---- Record excerpts

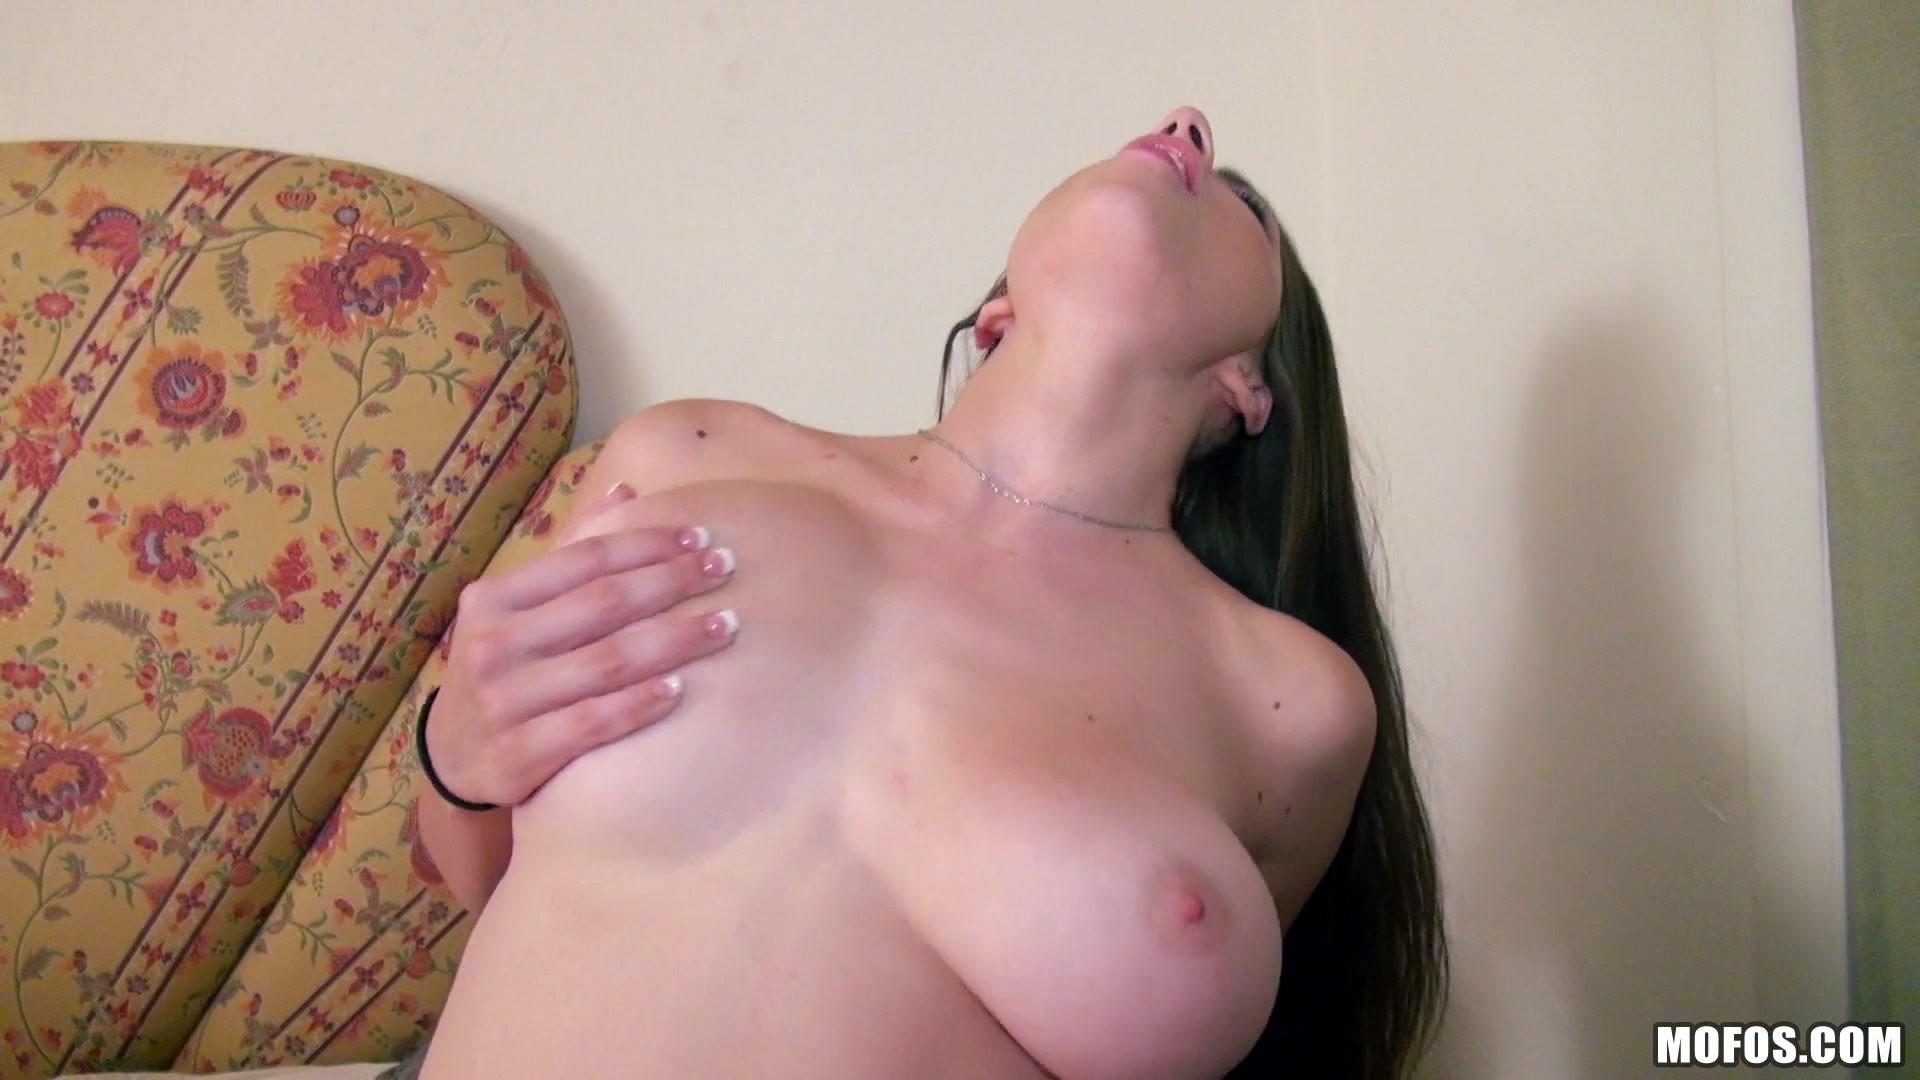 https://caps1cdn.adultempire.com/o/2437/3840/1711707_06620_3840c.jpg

--------
---- Record excerpts

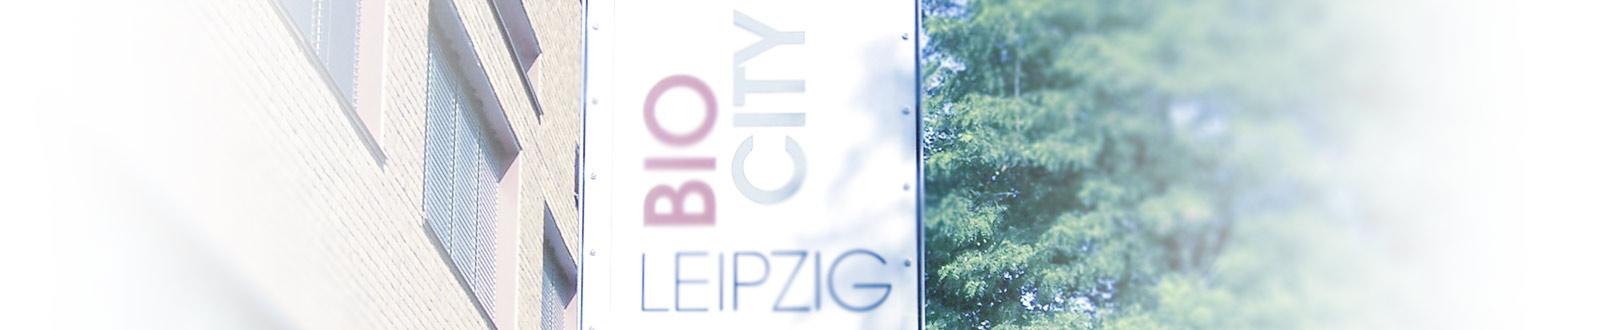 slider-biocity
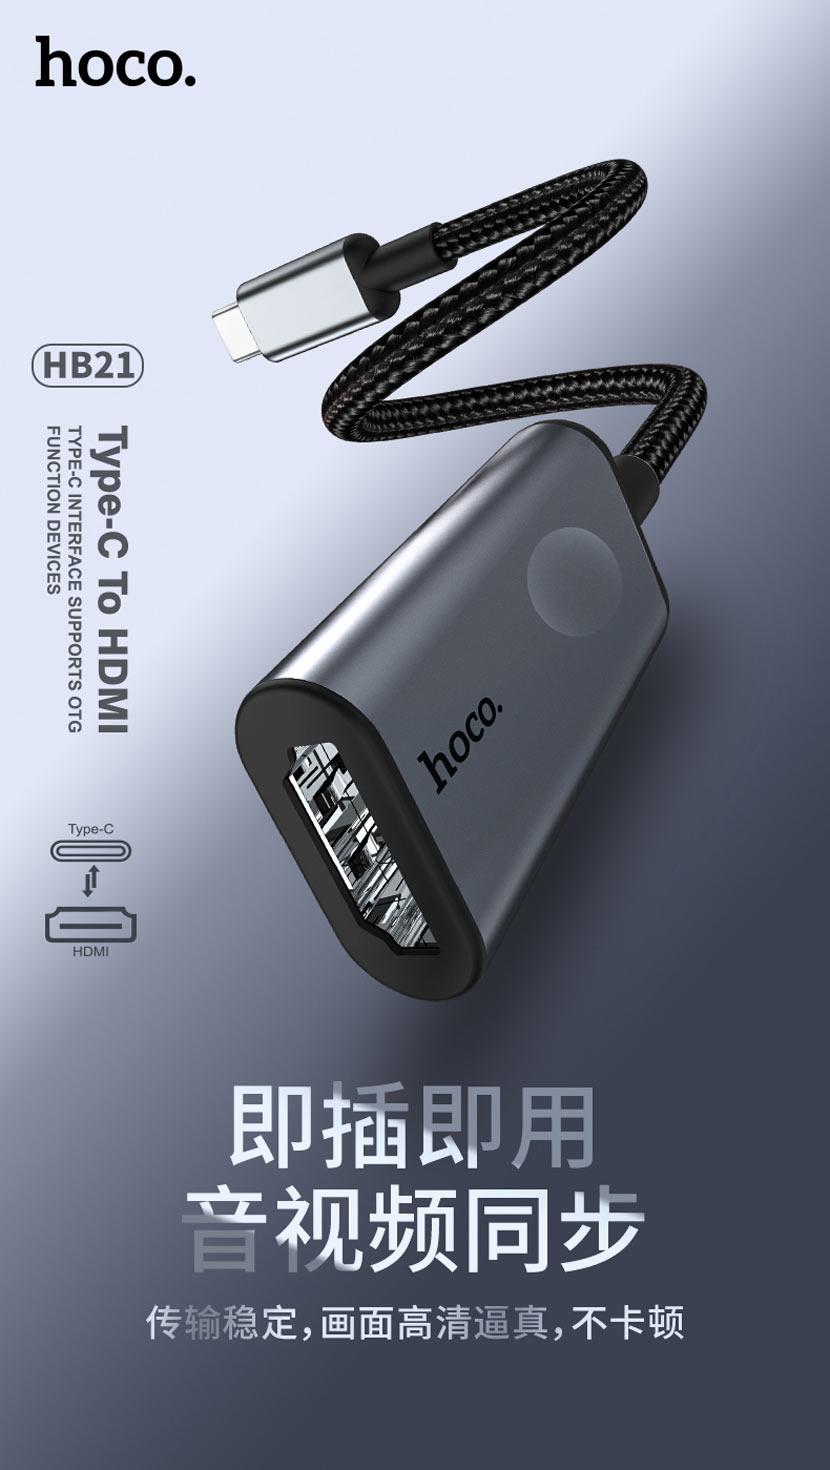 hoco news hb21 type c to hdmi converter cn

--------

Problem details: Your reply should hold nothing but the lines above, from the one containing "slider-biocity" to the one containing "hoco news hb21 type c to hdmi converter cn", reproduced exactly minus the pictures.

Written solution:
 slider-biocity
 hoco news hb21 type c to hdmi converter cn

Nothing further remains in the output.